The Rawalpindi Ring Road is an under construction ring road in Pakistan between the cities of Rawalpindi and Islamabad. The foundation stone for the road was laid in March 2022, however, delays due to changes in political setup, land acquisition issues, and redesigns, resulted in construction work beginning in September 2023. Upon completion, the highway is expected to have six lanes. The ring road will start from Channi Sher Alam bridge near Rawat and end near Thalian interchange close to the Lahore-Islamabad Motorway. The project was originally proposed in 1991, under the government of Nawaz Sharif, however due to political turmoil the project never materialized. During Shahbaz Sharif's visit to China in 2010 as Chief Minister of Punjab, the project was discussed between Pakistani and Chinese authorities to secure funding. In 2017, the project was again briefed to the Asian Development Bank to secure funding for the project.

== Exits ==

Rawalpindi Ring Road Junctions
| Interchange | Junction | Westbound Exits | Eastbound Exits |
| Banth Interchange | Exit 1 | Start of Rawalpindi Ring Road | Rawat (Islamabad), N-5 |
| Chakbeli Road Interchange | Exit 2 | Dhoke Budhal | Rawat |
| Adiala Road Interchange | Exit 3 | Dhalla | Adiala |
| Chakri Road Interchange | Exit 4 | Chakri | Rawalpindi |
| Thalian Interchange | Exit 5 | Lahore, M-2 | Start of Rawalpindi Ring Road |
Road continues as Islamabad International Airport access road

==Overview==

Islamabad–Rawalpindi metropolitan area, consisting of the twin cities of Islamabad & Rawalpindi, is the third largest populated metropolitan area in Pakistan. The twin cities are connected to the major economic centers of Pakistan through N-5 National Highway, an important bottleneck on the route of the national highway is the main city area of Rawalpindi, the Rawalpindi Ring Road, also known as the R3 project, was initiated to ease the flow of traffic. The project is planned to have five interchanges at Banth, Chak Beli Khan, Adyala road, Chakri road, and Thallian. The project is estimated to cost PKR 39 billion out of which PKR 6 billion has been planned for land acquisition.

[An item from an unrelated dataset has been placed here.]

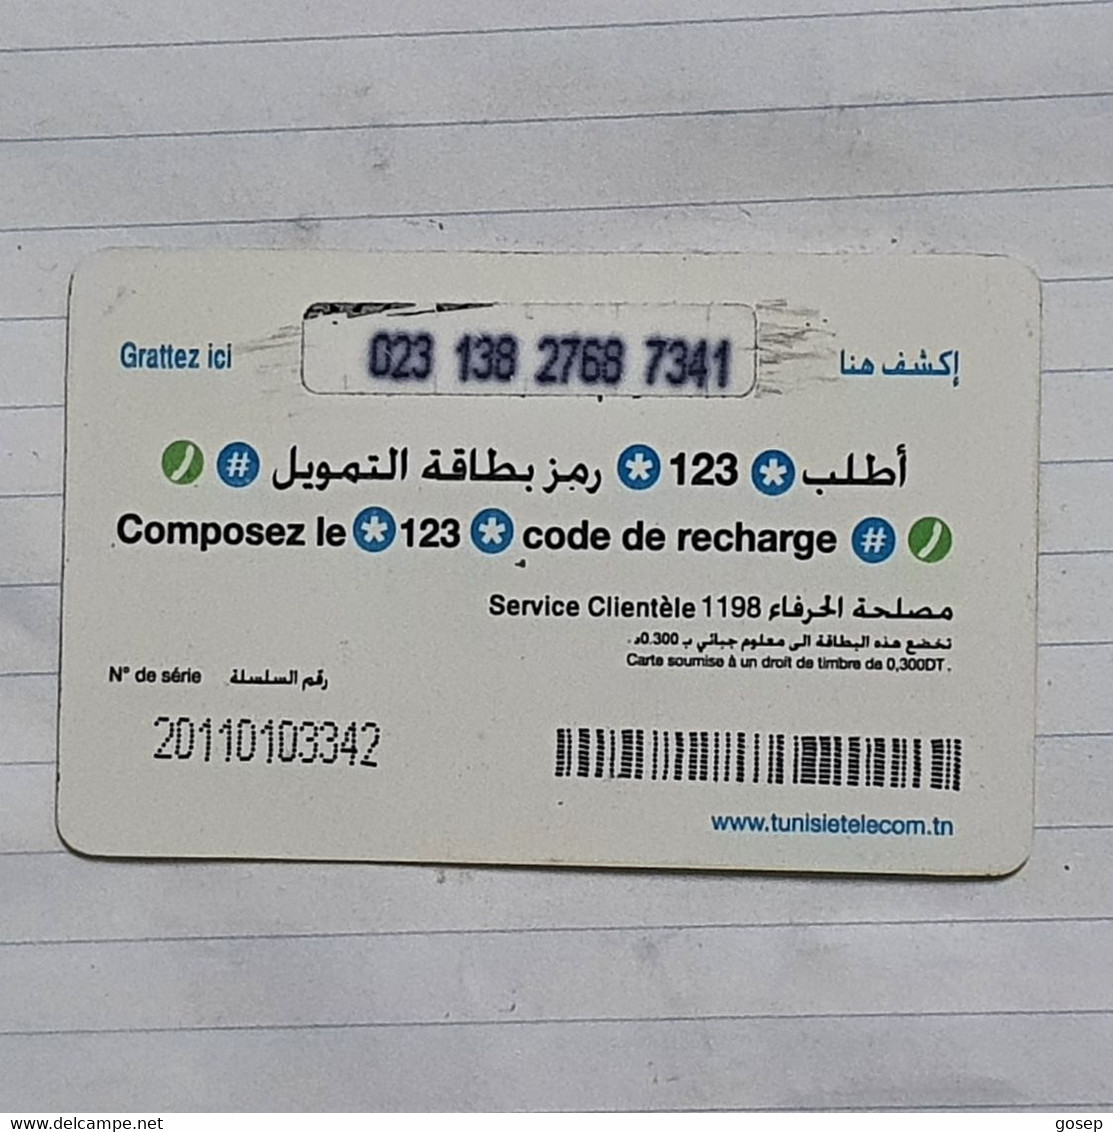 TUNISIA-(TN-TTL-REF-0032A)-GIRL1-(97)-(023-138-2768-7341)-(11/98)-(look From Out Side Card-BARCODE)-used Card - Tunisia

==Route Redirection Scandal==

In 2018, a fresh Project concept (PC-1) feasibility report was undertaken by the Punjab Government, due to the previously conducted feasibility reports deemed old. In April 2021, the bidding process was put on hold and Prime Minister Imran Khan ordered an inquiry into the alleged route change of the project to benefit private housing schemes and government officials. The country's top anti graft body NAB also took notice of the alleged scam and initiated an inquiry. The main opposition party called for the removal of Chief Minister Usman Buzdar, Special Assistant to Prime Minister Zulfi Bukhari and Federal Aviation minister Ghulam Sarwar Khan as the main beneficiaries of the scam.

Special Assistant to Prime Minister on Overseas Pakistani's and Human Resource Development, Zulfi Bhukari, resigned on 17 May from his position, citing the allegation of scam against him.